■ **Collected data**:
--*--
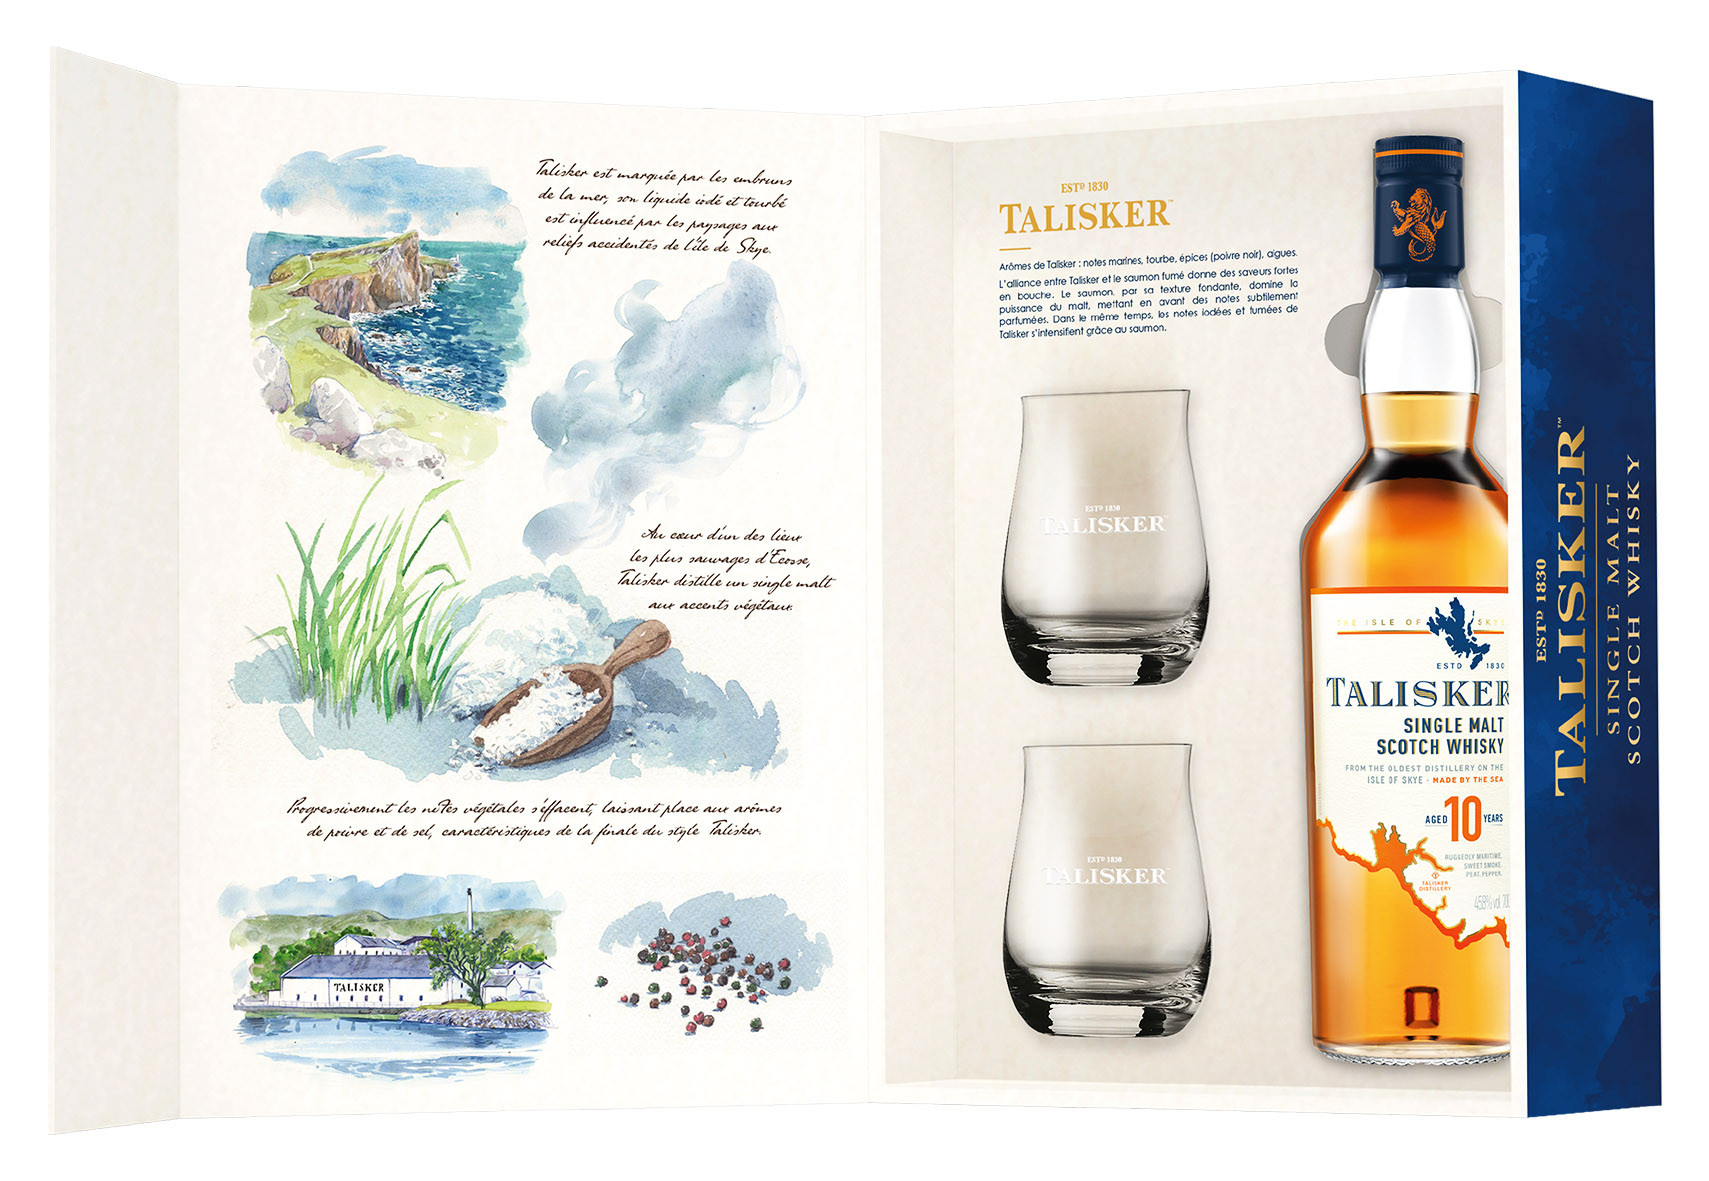 Whisky Talisker 10 ans Single Malt 70cl Coffret 2 verres Saveurs dEcosse www.odyssee-vins.com
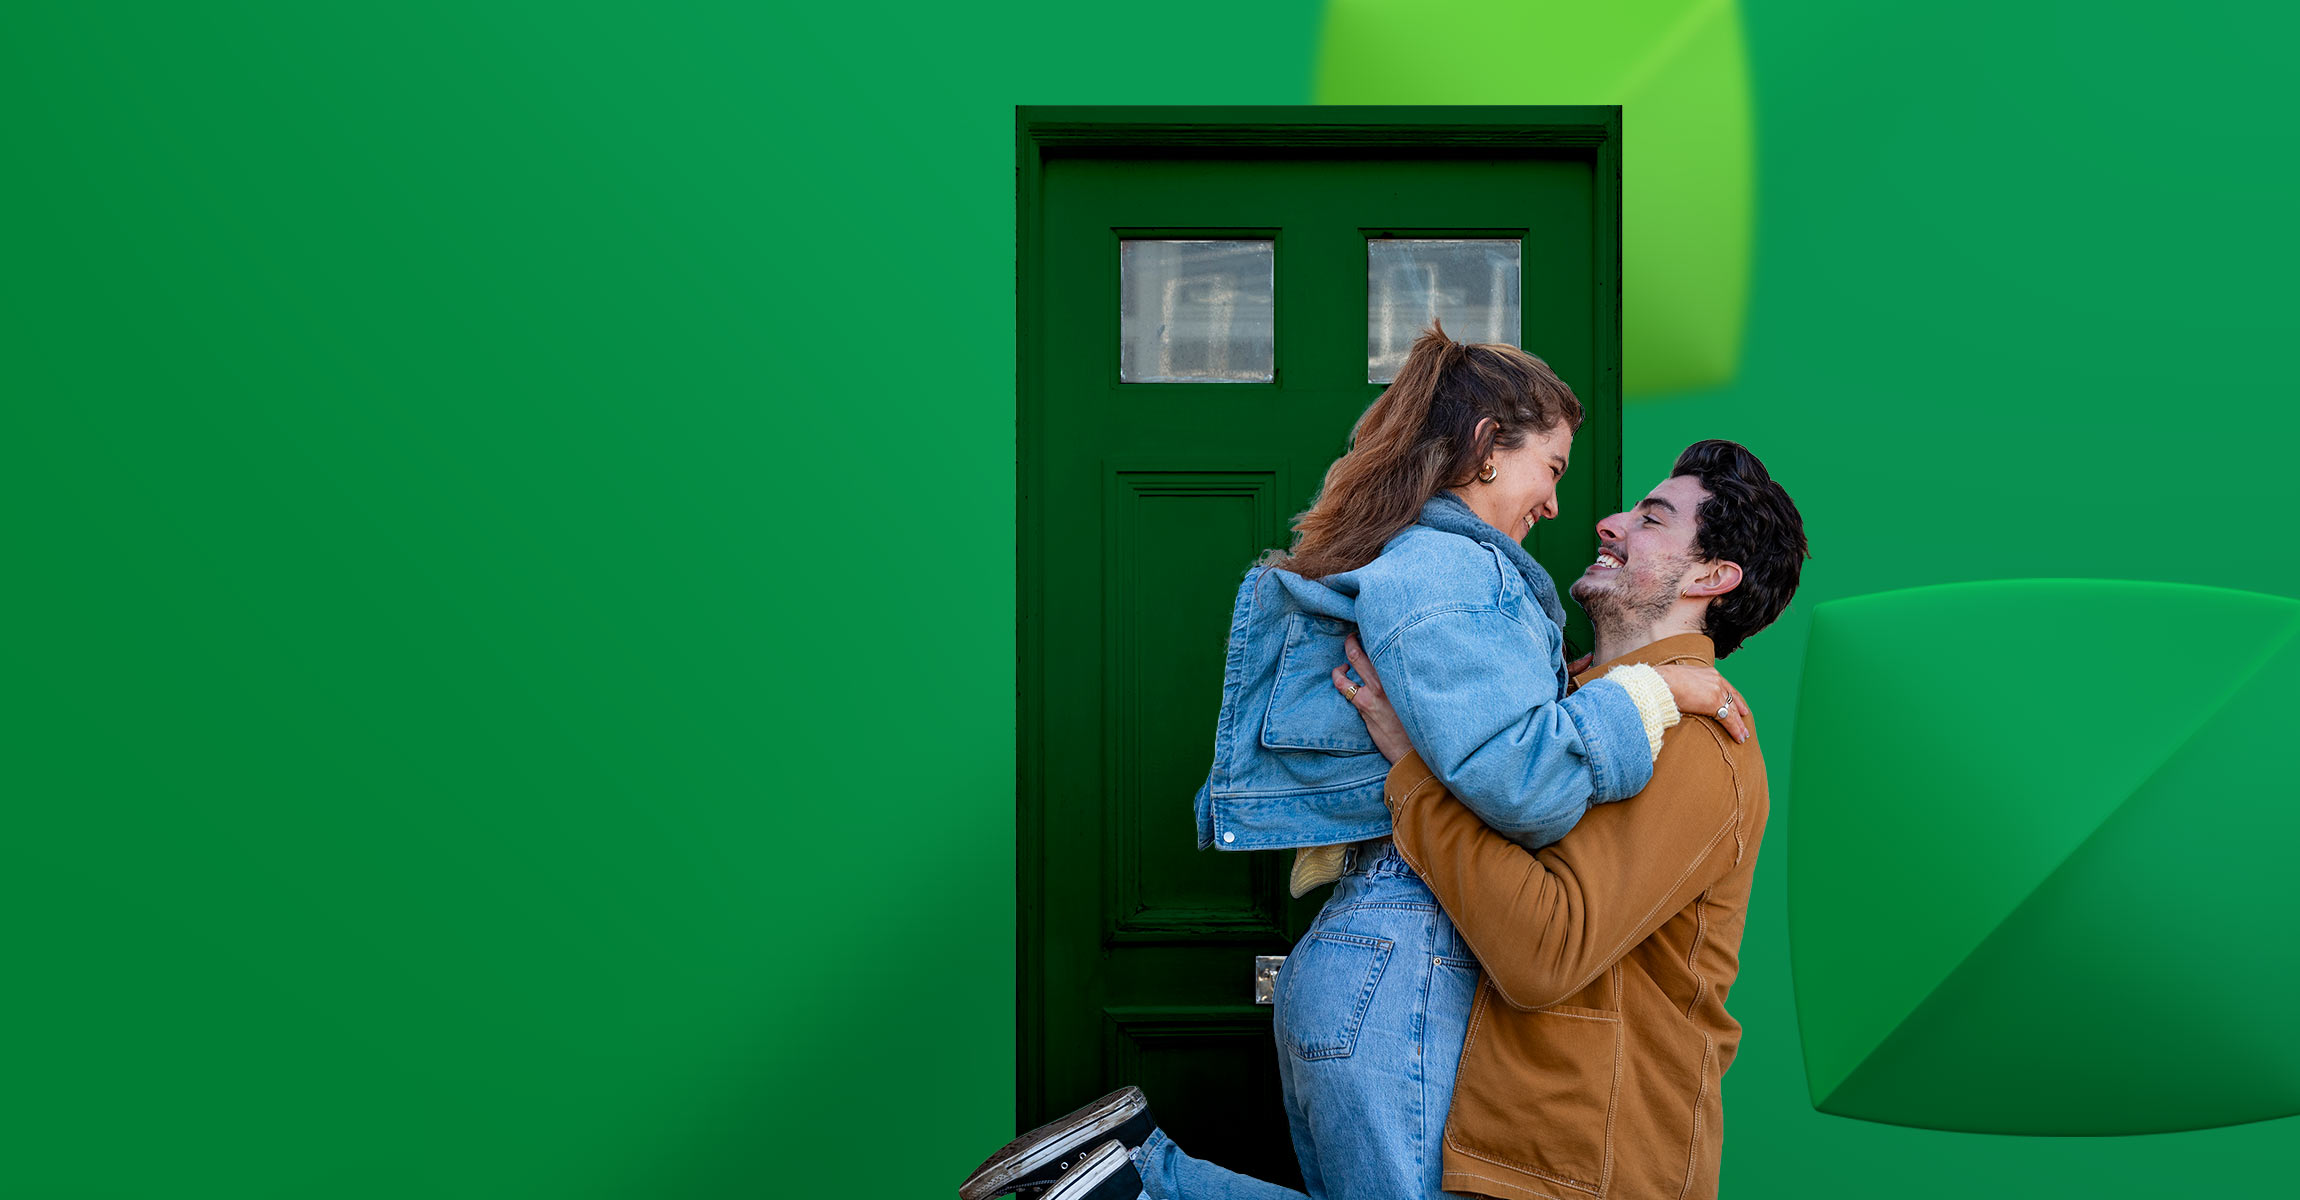 Man and woman next to green door
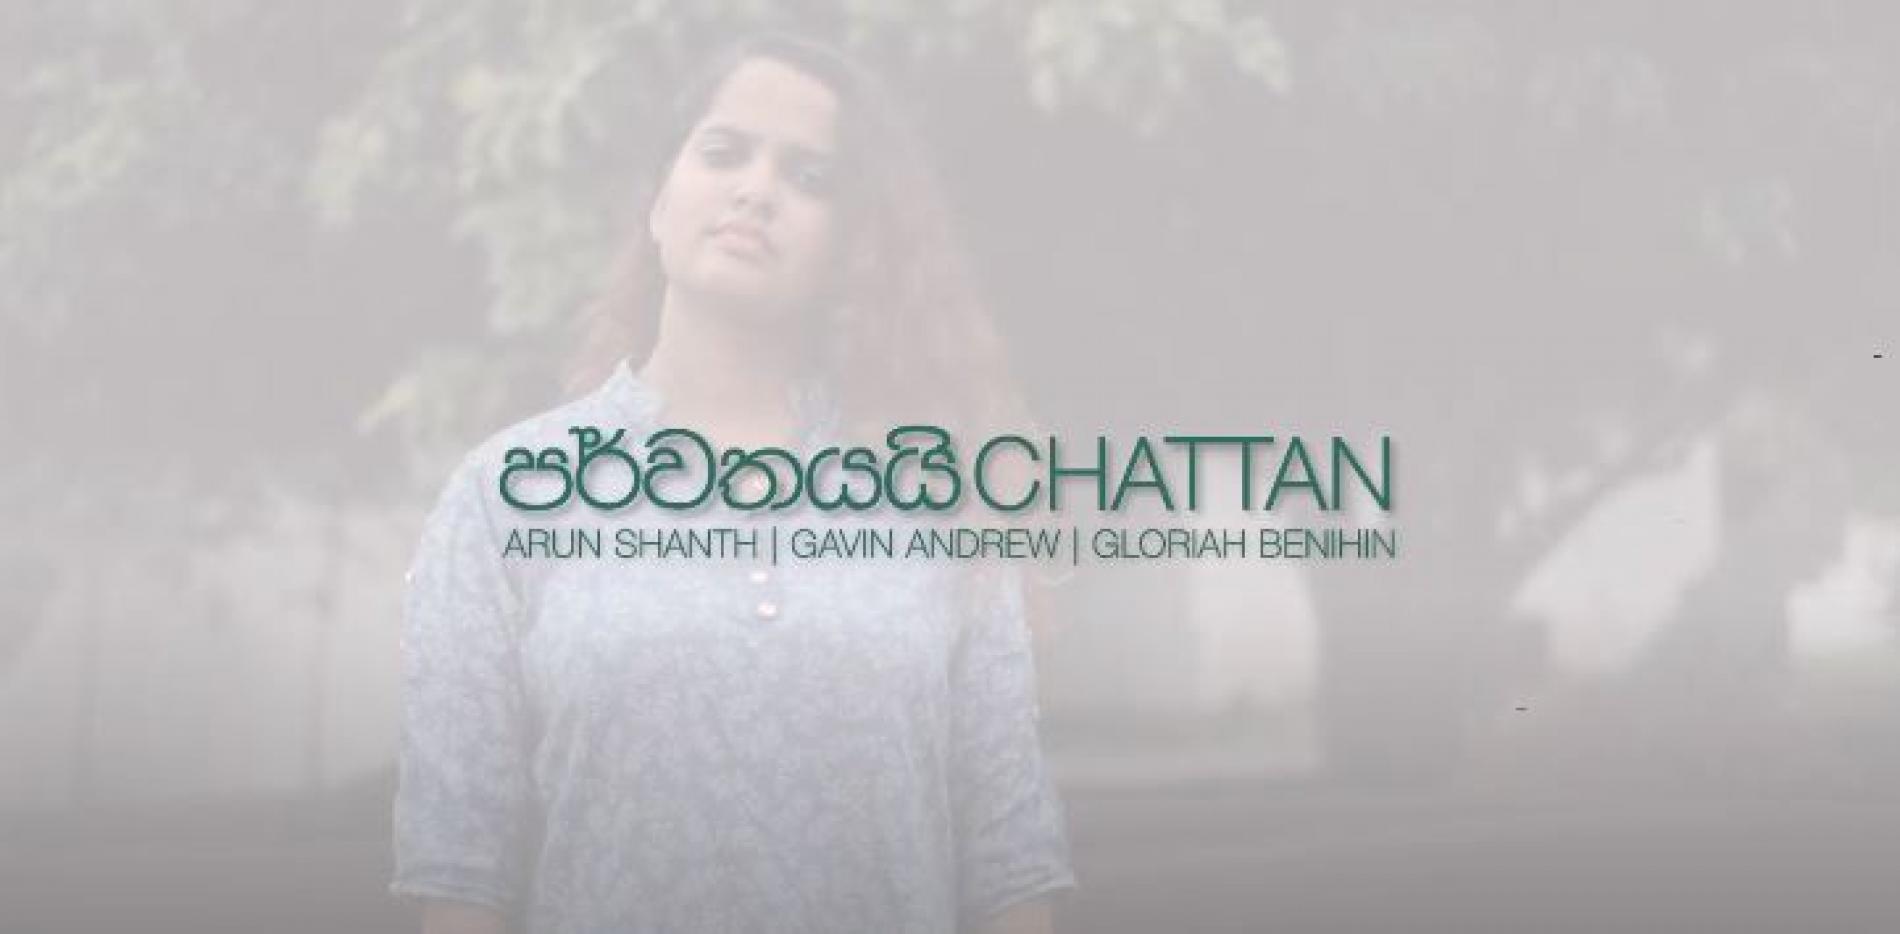 New Music : Chattan | Parwathayai | Sinhala Version – Arun Shanth | Gavin Andrew | Gloriah Benihin
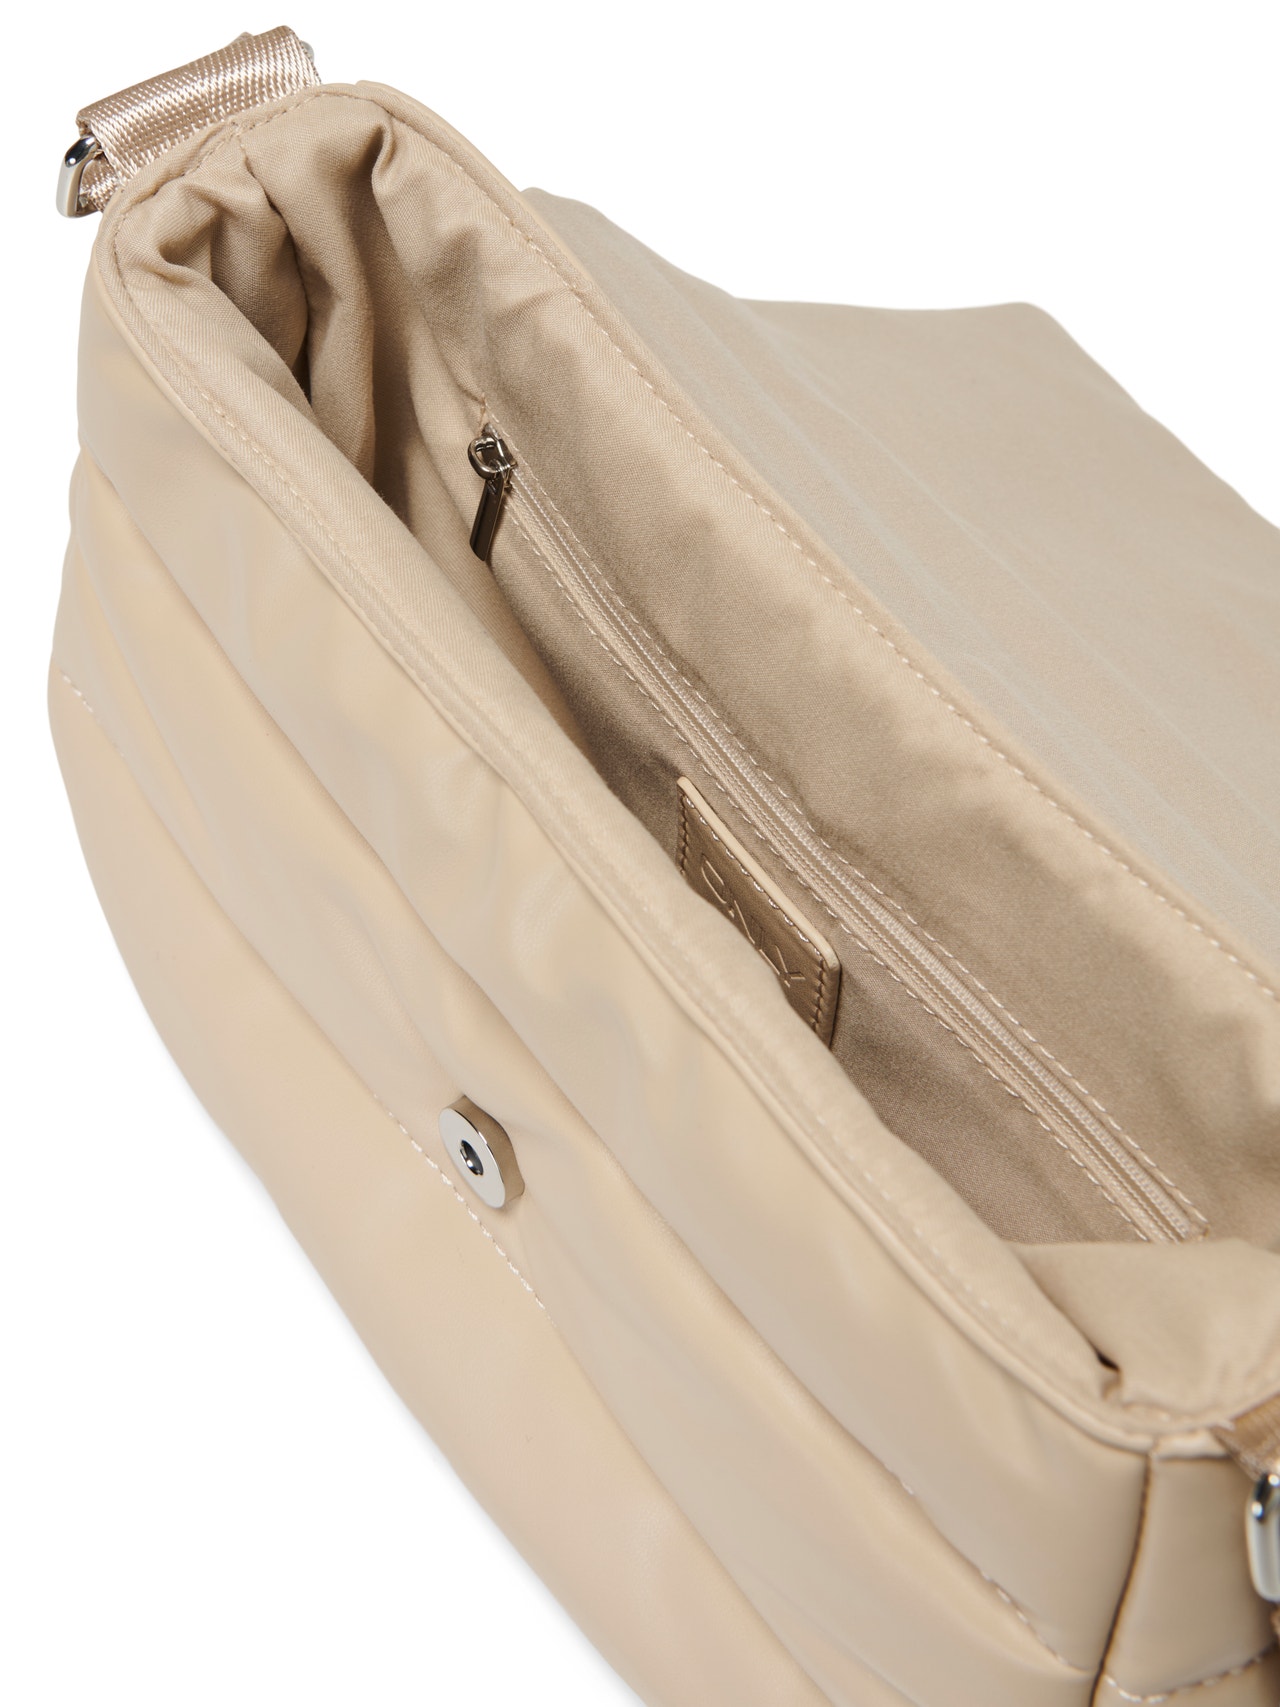 ONLY Adjustable strap Bag -Irish Cream - 15300818
--*--
■ **Problem requirements**: When you write out the material again, keep every word exact and omit the pictures.

■ **Solution for this task**:
 Whisky Talisker 10 ans Single Malt 70cl Coffret 2 verres Saveurs dEcosse www.odyssee-vins.com
 Man and woman next to green door
 New Music : Chattan | Parwathayai | Sinhala Version – Arun Shanth | Gavin Andrew | Gloriah Benihin
 ONLY Adjustable strap Bag -Irish Cream - 15300818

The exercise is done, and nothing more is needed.